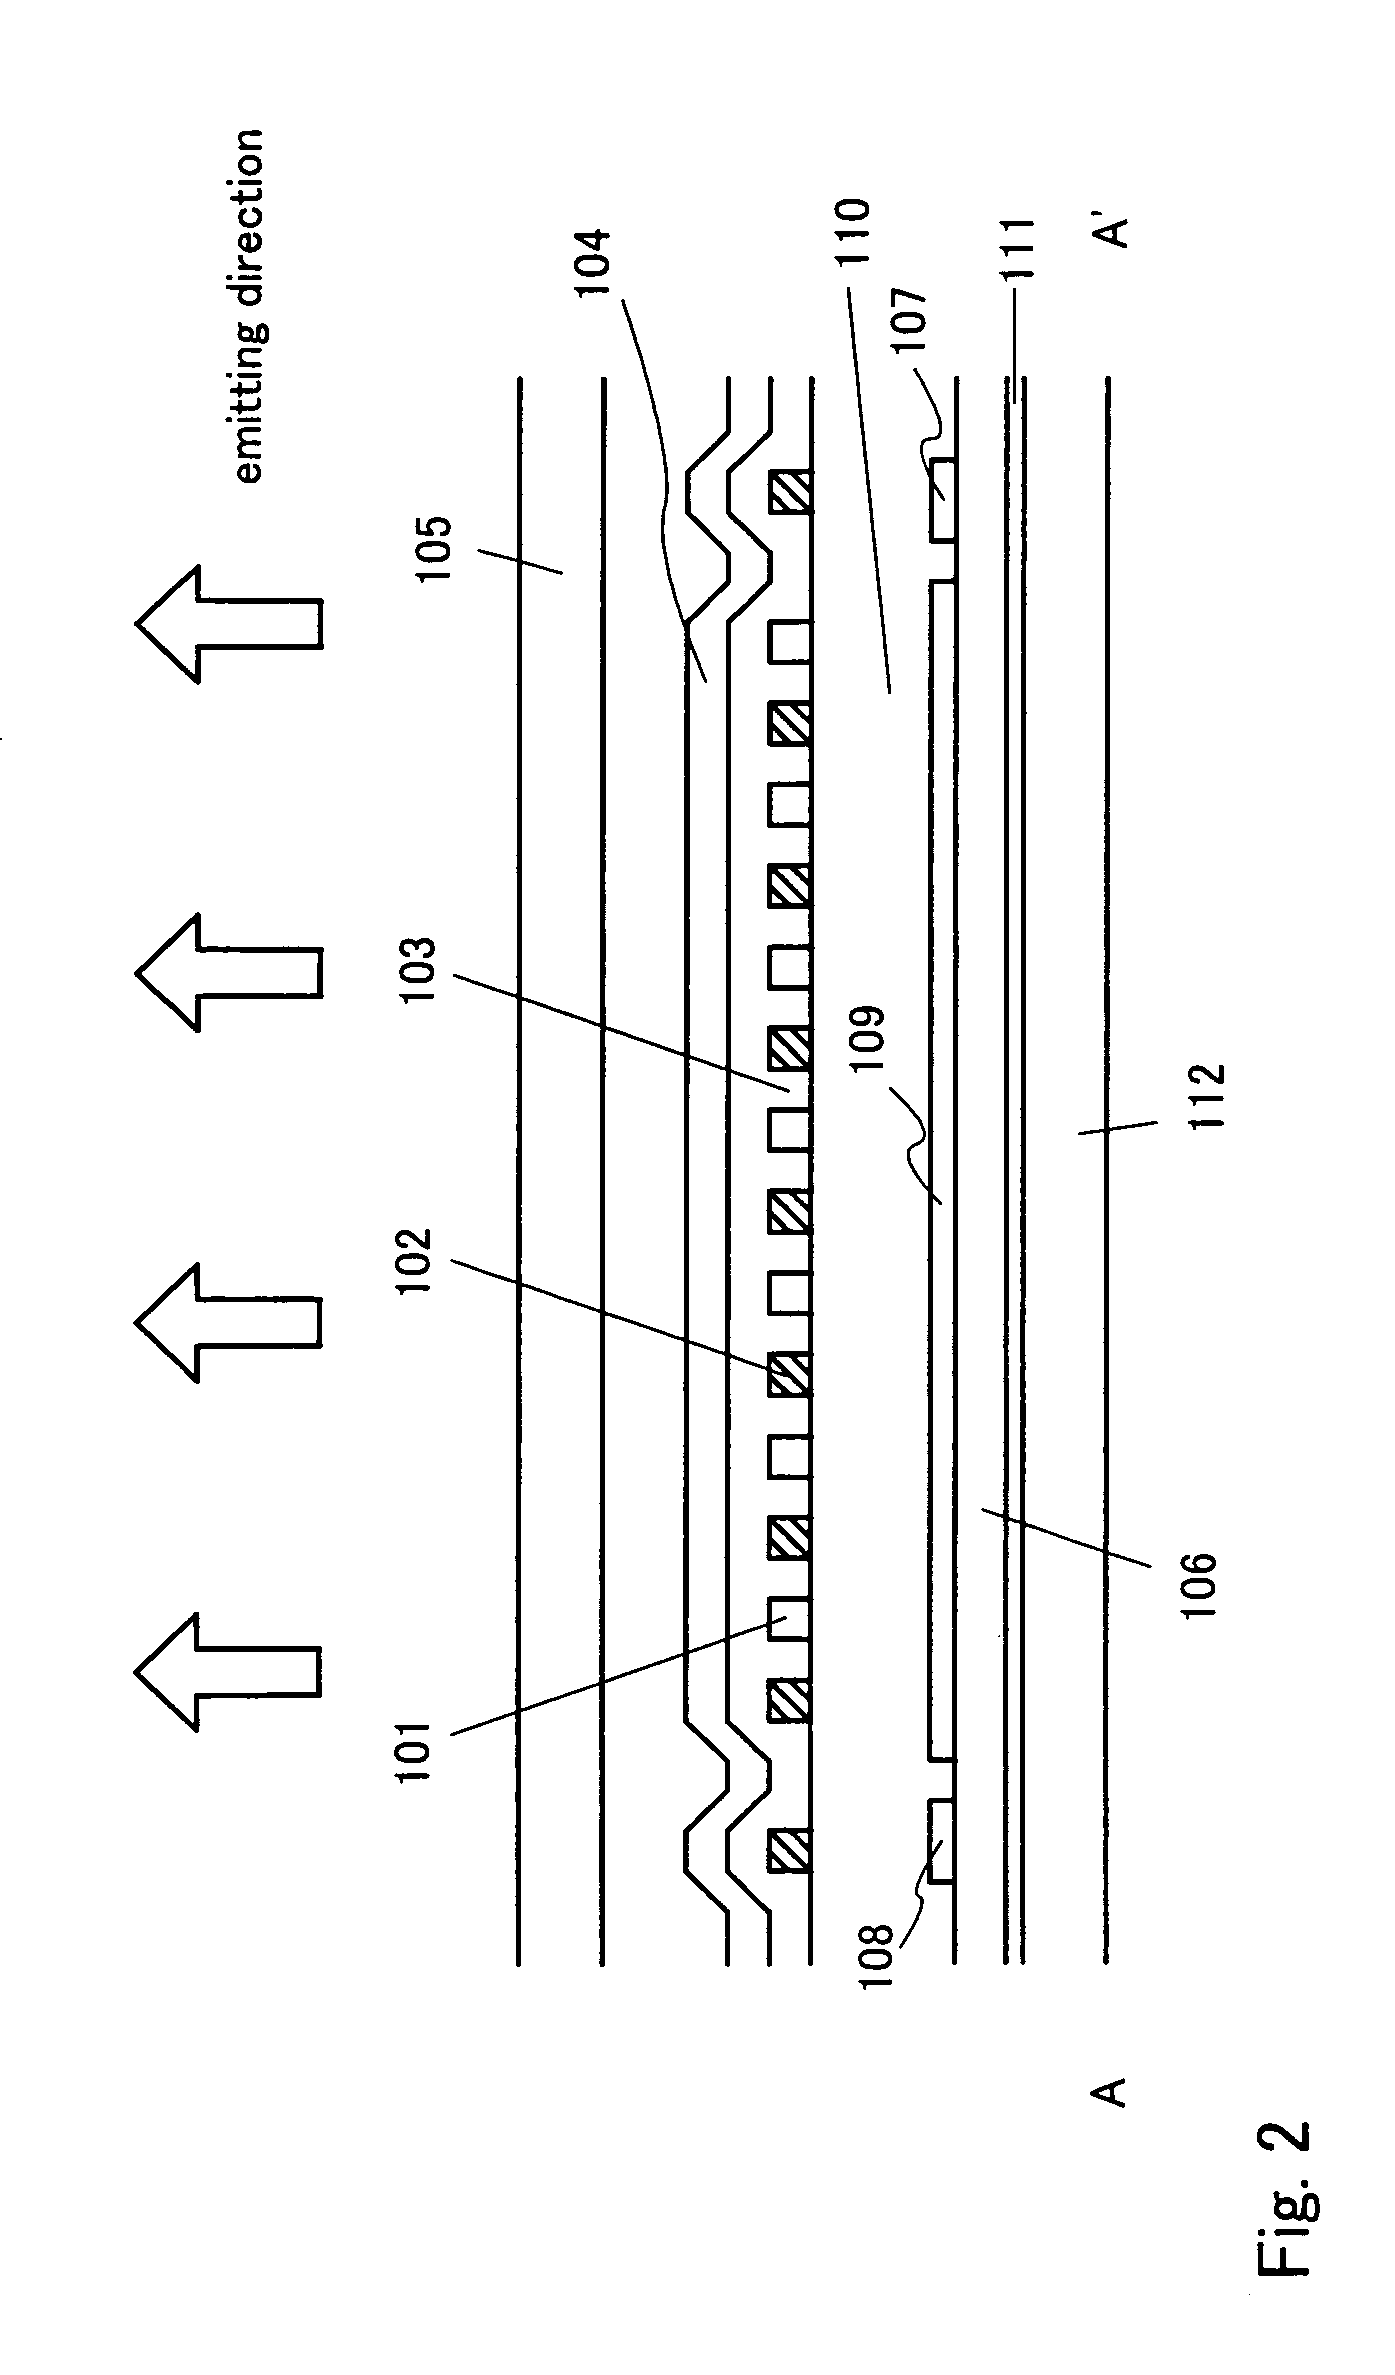 Light emitting device having both electrodes formed on the insulating layer
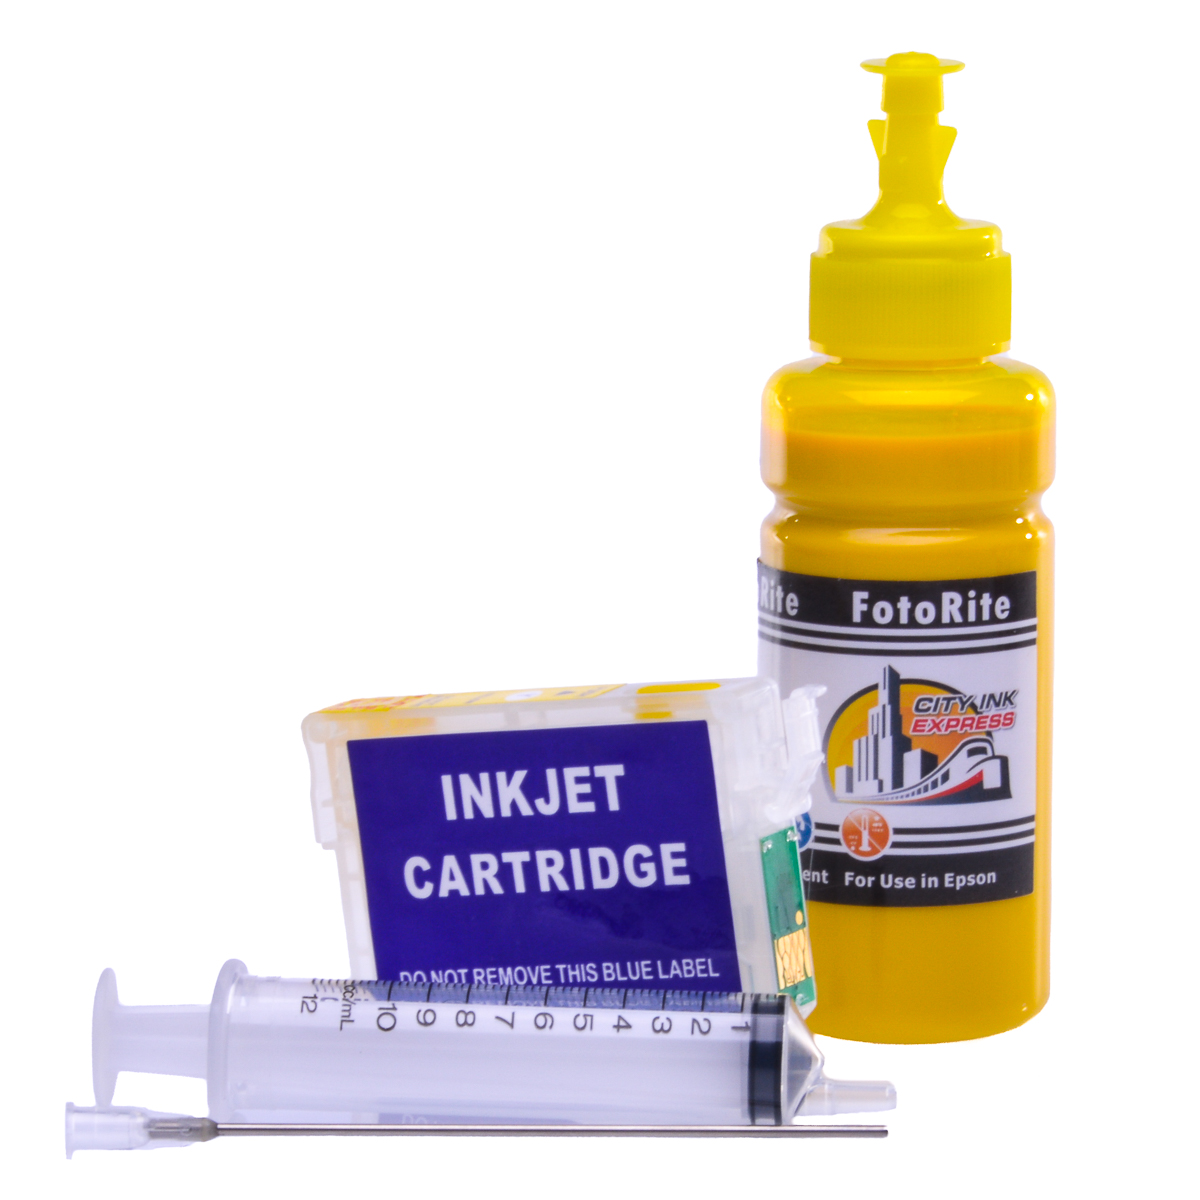 Refillable pigment Cheap printer cartridges for Epson Stylus 1400 Owl Inks T0794 - CT07944010 Yellow
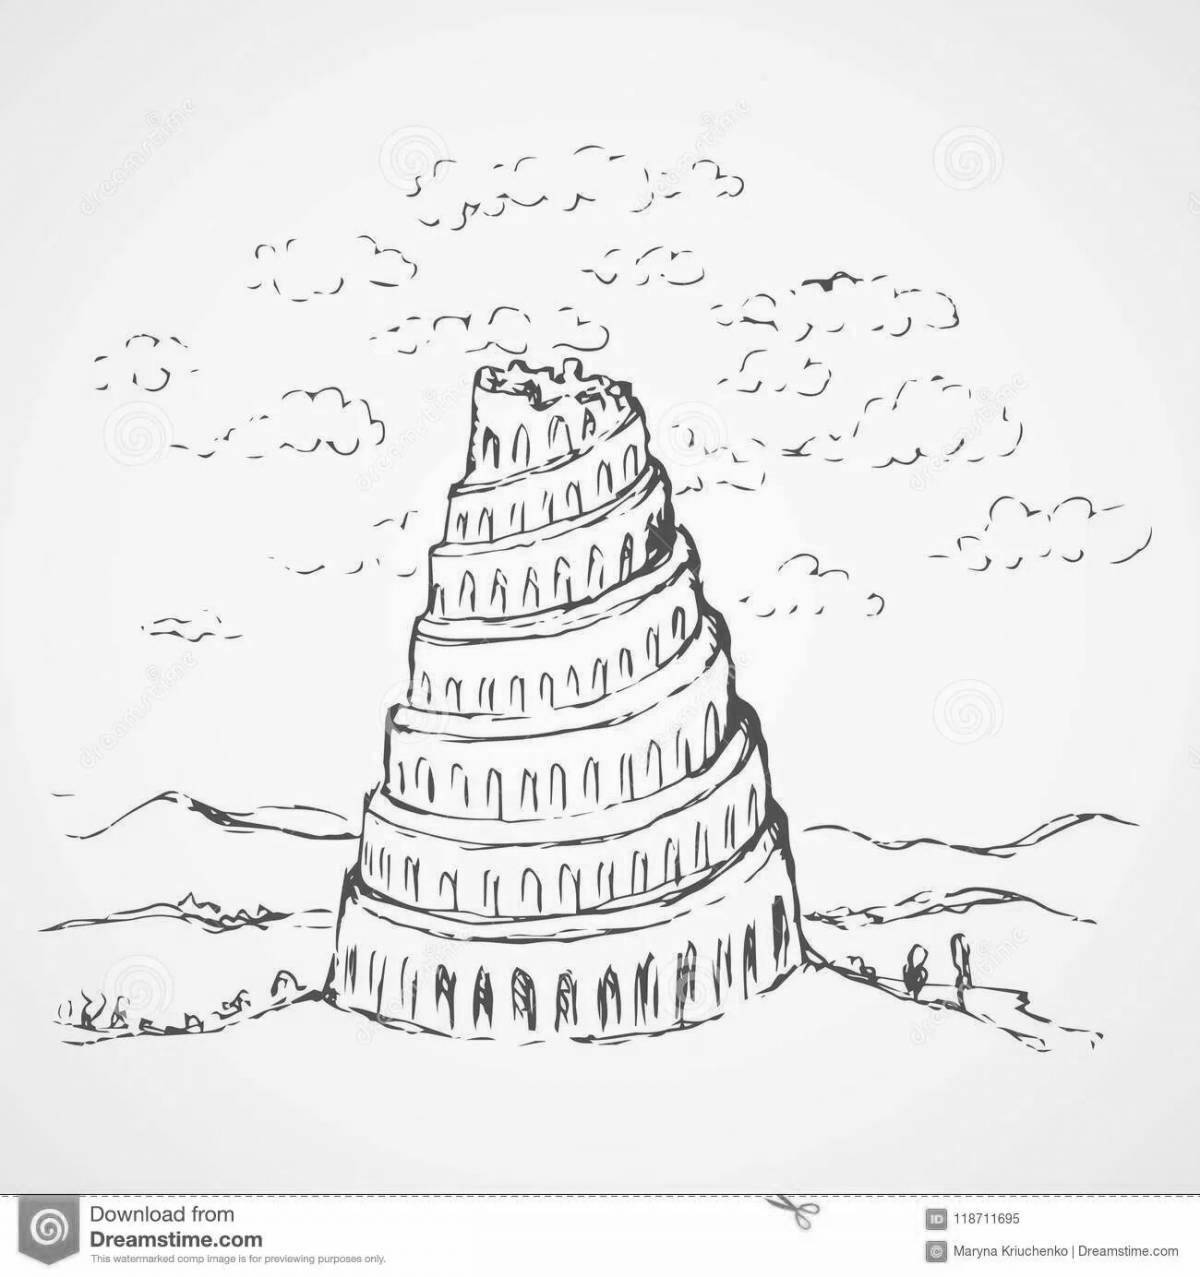 Tower of Babel #5

Task requirements:
Retype all the data exactly. Omit pictures.

Written answer:
 Light emitting device having both electrodes formed on the insulating layer
 Refillable pigment Cheap printer cartridges for Epson Stylus 1400 Owl Inks T0794 - CT07944010 Yellow
 Tower of Babel #5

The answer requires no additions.